March 16, 2010
We had begun extending a fence a small bit of way last Saturday. Monday evening we finished hanging the gate. Late evening but not late enough for sunset—not with the early Sunday morning time change to Daylight Savings Time. There was enough daylight left to begin another project, but instead we sat on an old cable reel and watched the baby kids run, jump, and buck. Easy enough to do, the fence was solid, posts dug in deep, wire stretched tightly, well built.
A job well done, it is too bad we don’t hear that enough any longer. Growing up, working for either my father or neighbor, whether building a fence or pouring concrete, when the job was done, you heard the words “job well done.” Sometimes one might hear how in hindsight, this of that might be done differently next time, but what was done is well. The words “job well done,” was at times quieter and more a look, and sometimes, thinking of a neighbor, it was verbose, embodied, arms flailing with a broad smile. For those rural and city folk I knew of my parents generation, much was to be said in doing a job well.
I think of neighbors who had little choice in the job they did for a living. It was the first job they attained; often coming out of one war or another, and it paid the bills. While they may have been better suited for another line of work had they choice, they knew the value of doing a job well and spent their life doing good work. They didn’t do good work for the boss, or for the money, but for the sake of doing a job well.
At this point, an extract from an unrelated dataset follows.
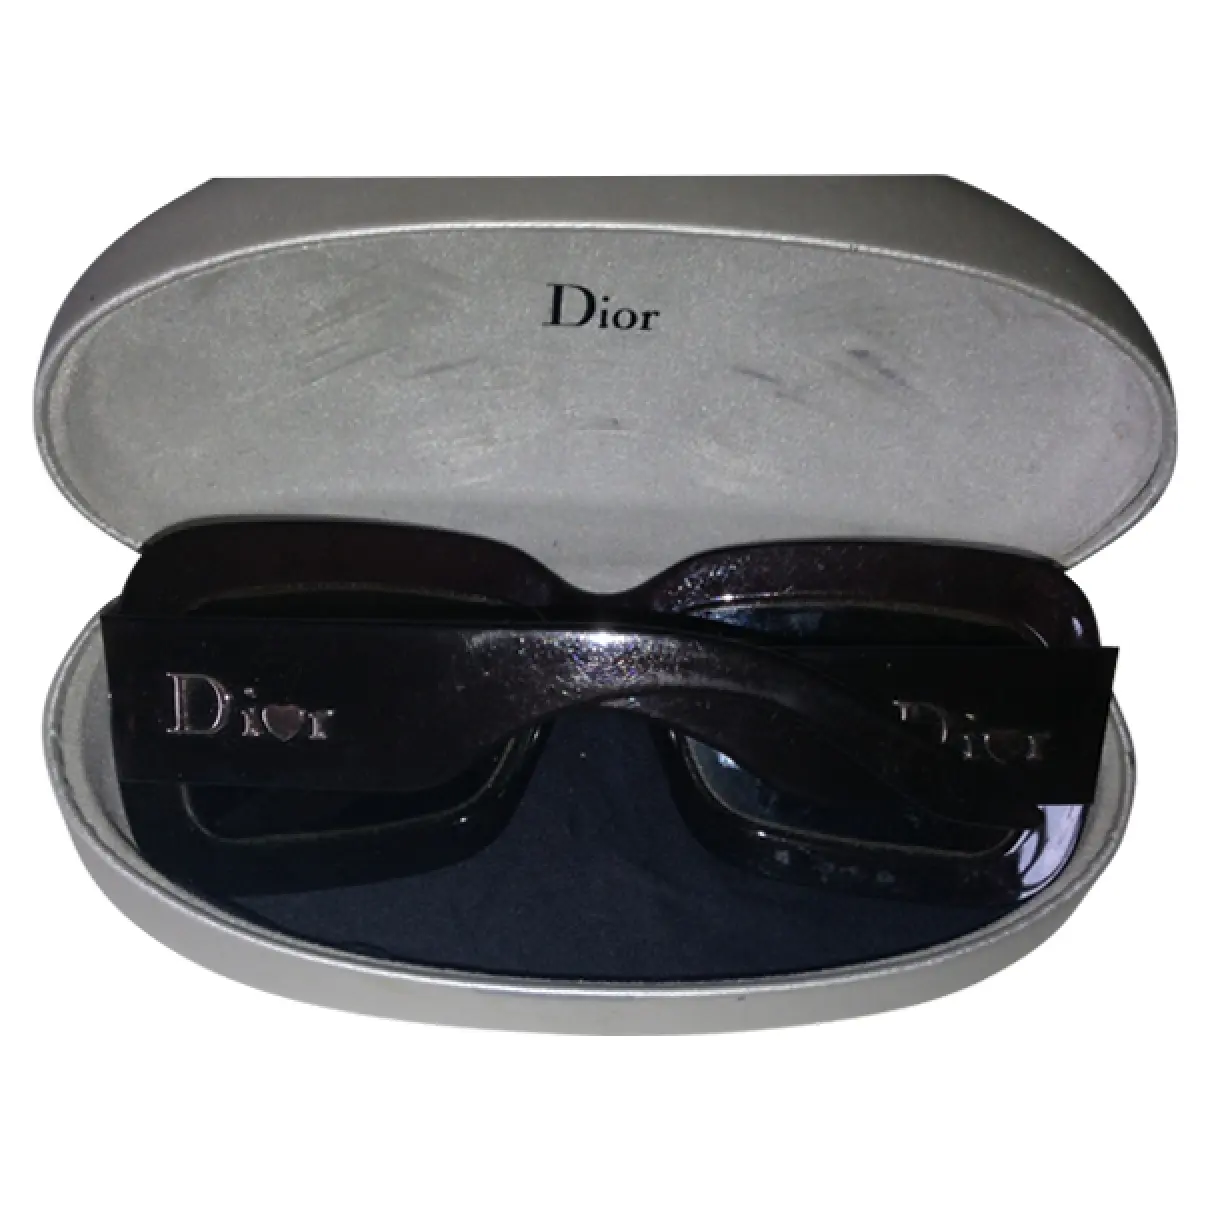 Dior sunglasses for sale

There is much we can learn from elders—those who have walked this life before us. They were and are a people of steel, old growth, coal, dams, glass, and the way they think, the way they play, and the way the work tell a good story our children should hear. It isn’t a story our children should live; their life is different. Yet it is a story of good work, which allows future generations to finish a job, stand to the side, wait for the sun to set, and know a job well done.